The FTP area is on RAID-1 volume, which is created over two LVM
partitions (each LV spans three physical disks). I hope RAID-1 can speed
things up for multiple simultaneous users.
Yesterday the Red Hat Linux 7.1 has been released, and from that
time the server has about 220 anonymous FTP users and was pushing data
at almost full 100 Mbps ethernet speed (currently the 2hour average is
89.7 Mbps according to MRTG). Today I've got about three complains
about corrupted ISO images. When I run md5sum on the server itself,
the MD5 checksums, of course, perfectly match. I've tried to download
the files from another machine on the same net, and MD5 sums were correct.
However, I have one report of corrupted download even from the same physical
network.
In the last 24 hours the server pushed out about 660 gigabytes
of Red Hat 7.1. Is this amount (i.e. three reports out of 660 gigabytes)
a serious problem?
Also note that I have no corrupted download report for rsync.
But I think rsyncd does not use sendfile(), and of course vast majority
of people use FTP, not rsync, for downloading.
-Yenya
--
\ Jan "Yenya" Kasprzak <kas at fi.muni.cz> http://www.fi.muni.cz/~kas/
\\ PGP: finger kas at aisa.fi.muni.cz 0D99A7FB206605D7 8B35FCDE05B18A5E //
\\\ Czech Linux Homepage: http://www.linux.cz/ ///
Mantra: "everything is a stream of bytes". Repeat until enlightened. --Linus
On Tue, Apr 17, 2001 at 03:10:07PM +0200, Jan Kasprzak wrote:
> 00:0c.0 Ethernet controller: 3Com Corporation 3c905C-TX [Fast Etherlink] (rev 74)
IIRC the problem came up earlier. Some versions of 3com NICs seem to make
problems with the hardware checksum. There were some fixes in the driver
later; could you try it with 2.4.4pre3 (which includes zerocopy) ?
-Andi
> The long story: My server is Athlon 850 on ASUS A7V, 256M RAM.
> Seven IDE discs, one SCSI disc. The controllers and NIC are as follows
> (output of lspci):
See the VIA chipset report on http://www.theregister.co.uk about corruption problems
with VIA chipsets. The cases seen on Linux included short and also sometimes
stale/corrupted DMA transfers.
Nothing in your report says it is or isnt going to be a VIA chipset problem
but once a fixed BIOS is out for your board that would be a good first step.
If it still does it then, its worth digging for kernel naughties
Alan Cox wrote:
: > The long story: My server is Athlon 850 on ASUS A7V, 256M RAM.
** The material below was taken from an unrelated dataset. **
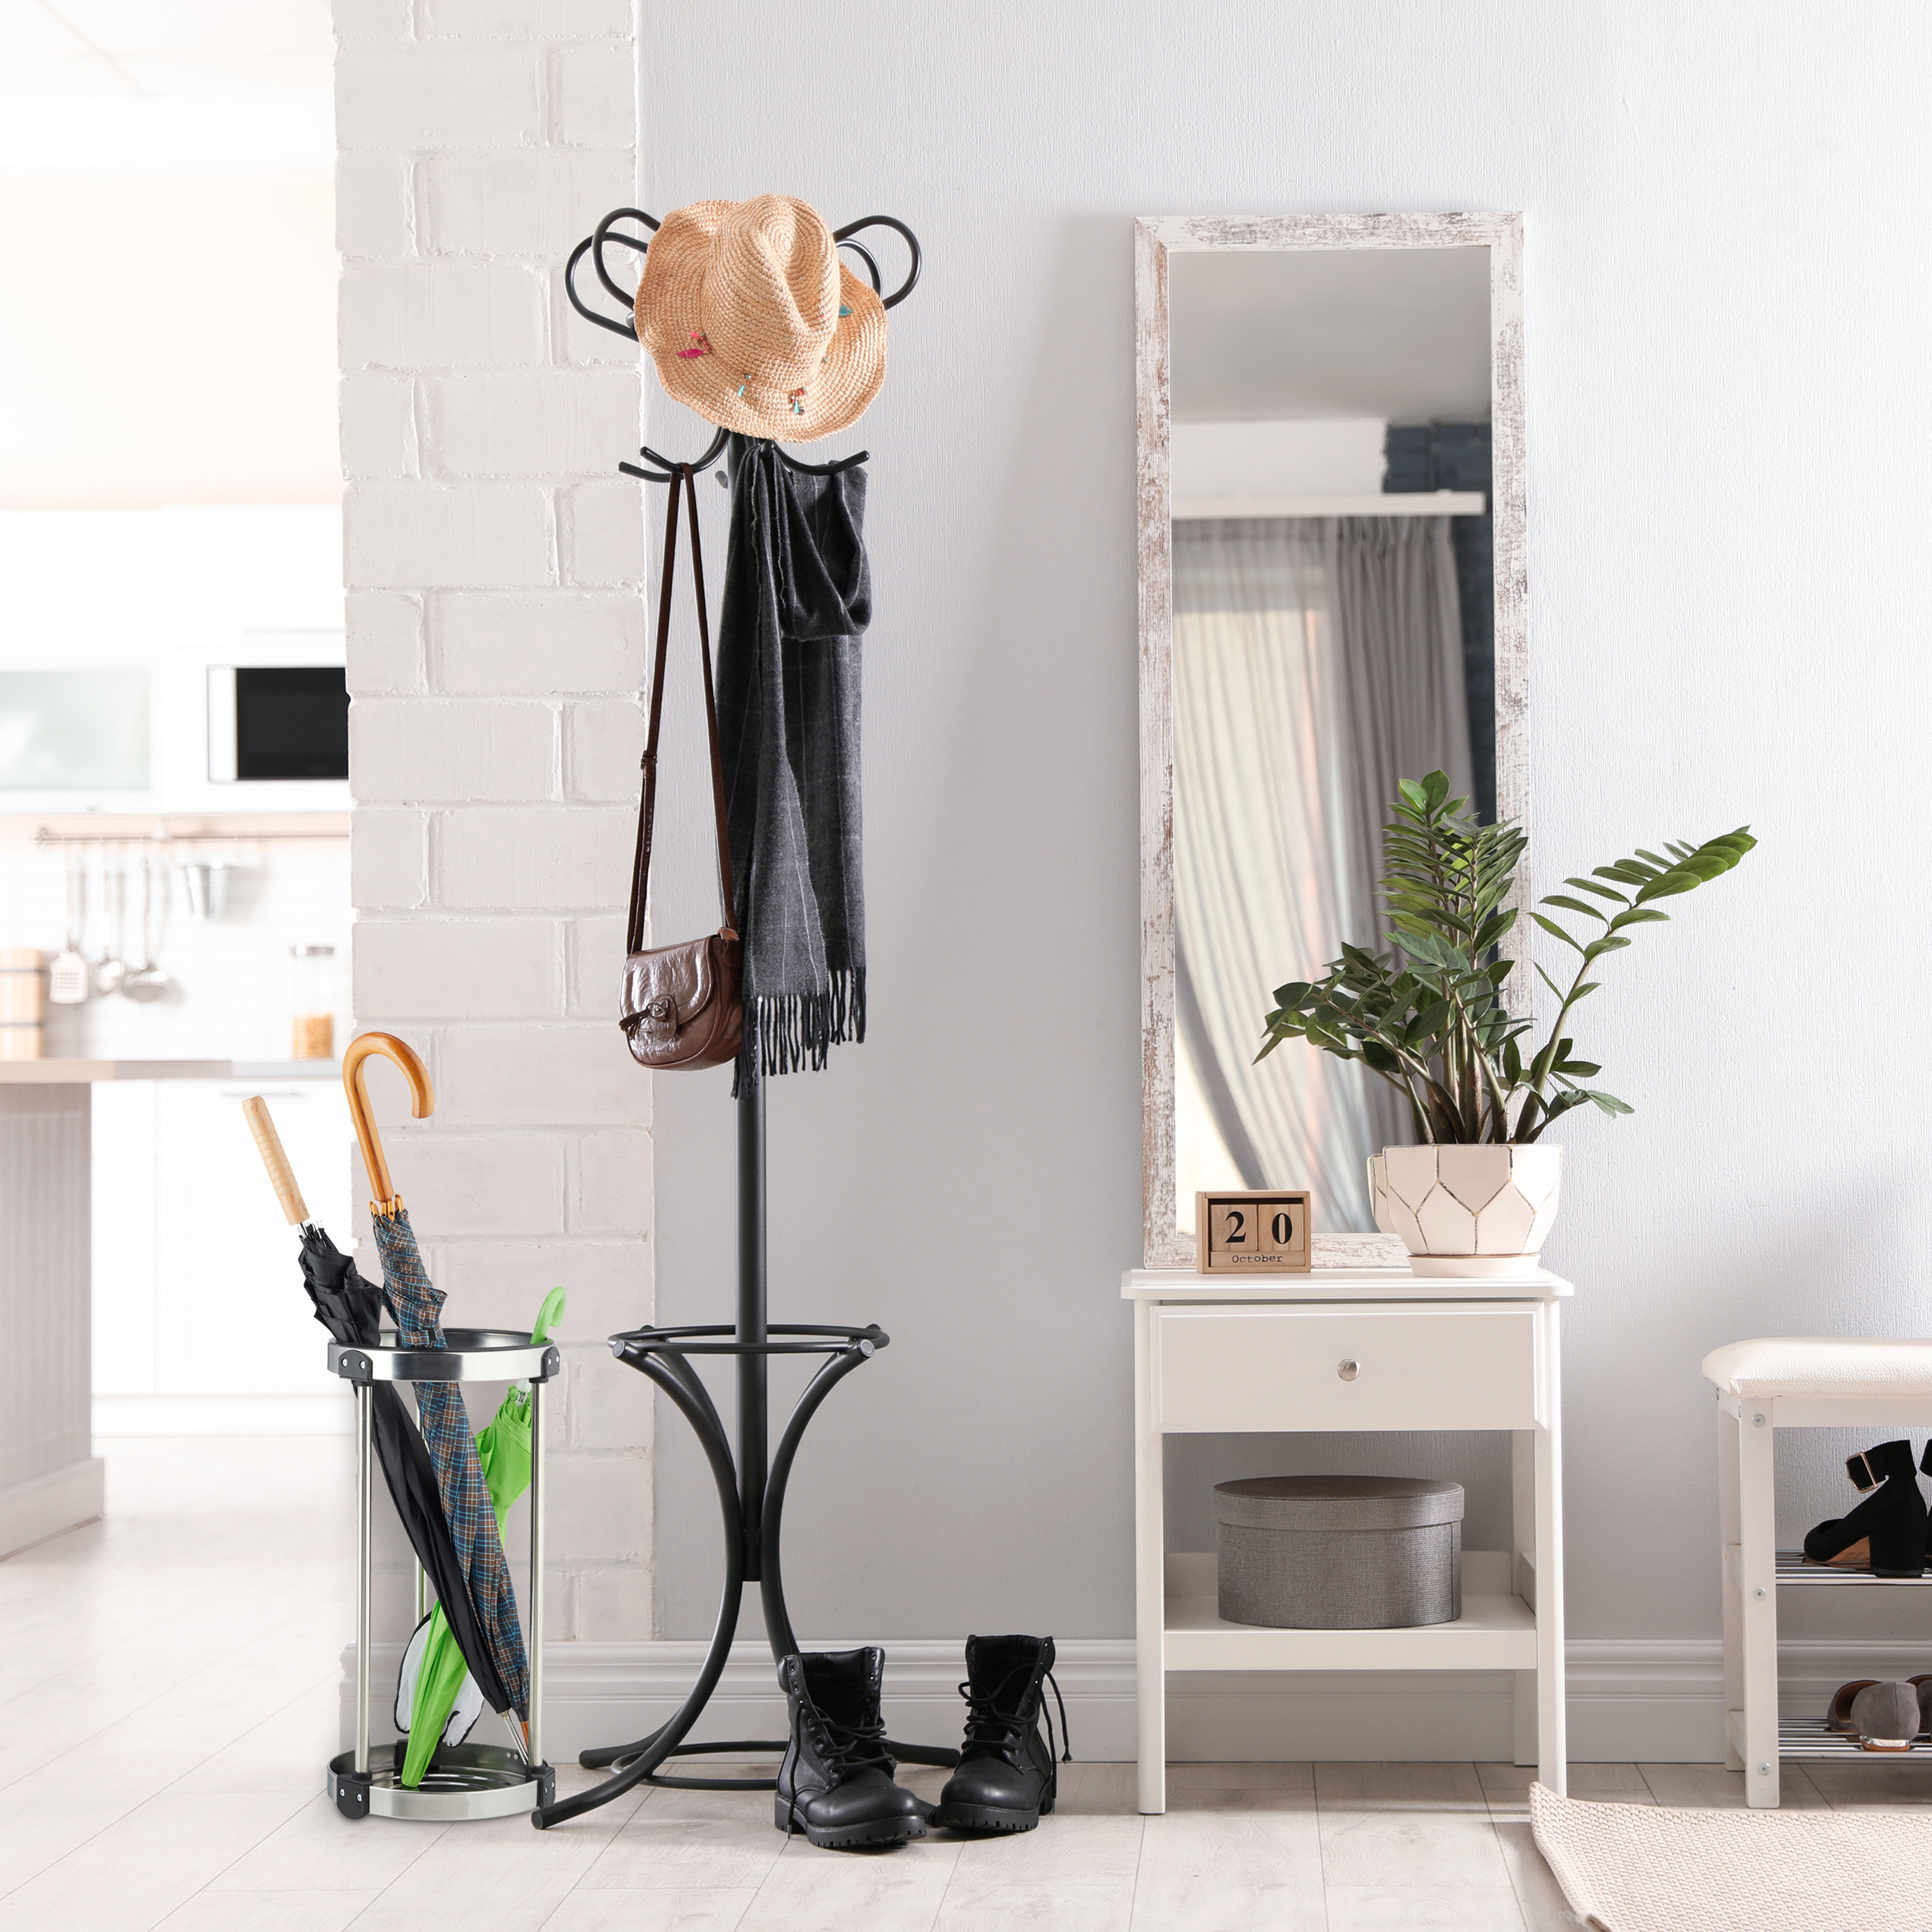 schirmst nder edelstahl schirmhalter regenschirmhalter. Black Bedroom Furniture Sets. Home Design Ideas

: > Seven IDE discs, one SCSI disc. The controllers and NIC are as follows
: > (output of lspci):
:
: See the VIA chipset report on http://www.theregister.co.uk about corruption problems
: with VIA chipsets. The cases seen on Linux included short and also sometimes
: stale/corrupted DMA transfers.
:
: Nothing in your report says it is or isnt going to be a VIA chipset problem
: but once a fixed BIOS is out for your board that would be a good first step.
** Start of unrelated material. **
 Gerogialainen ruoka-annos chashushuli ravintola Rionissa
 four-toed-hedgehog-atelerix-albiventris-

: If it still does it then, its worth digging for kernel naughties
:
I don't think I have 686b southbridge. I have 686 (without "b"):
00:00.0 Host bridge: VIA Technologies, Inc.: Unknown device 0305 (rev 02)
00:01.0 PCI bridge: VIA Technologies, Inc.: Unknown device 8305
00:04.0 ISA bridge: VIA Technologies, Inc. VT82C686 [Apollo Super] (rev 22)
00:04.1 IDE interface: VIA Technologies, Inc. VT82C586 IDE [Apollo] (rev 10)
00:04.2 USB Controller: VIA Technologies, Inc. VT82C586B USB (rev 10)
00:04.3 USB Controller: VIA Technologies, Inc. VT82C586B USB (rev 10)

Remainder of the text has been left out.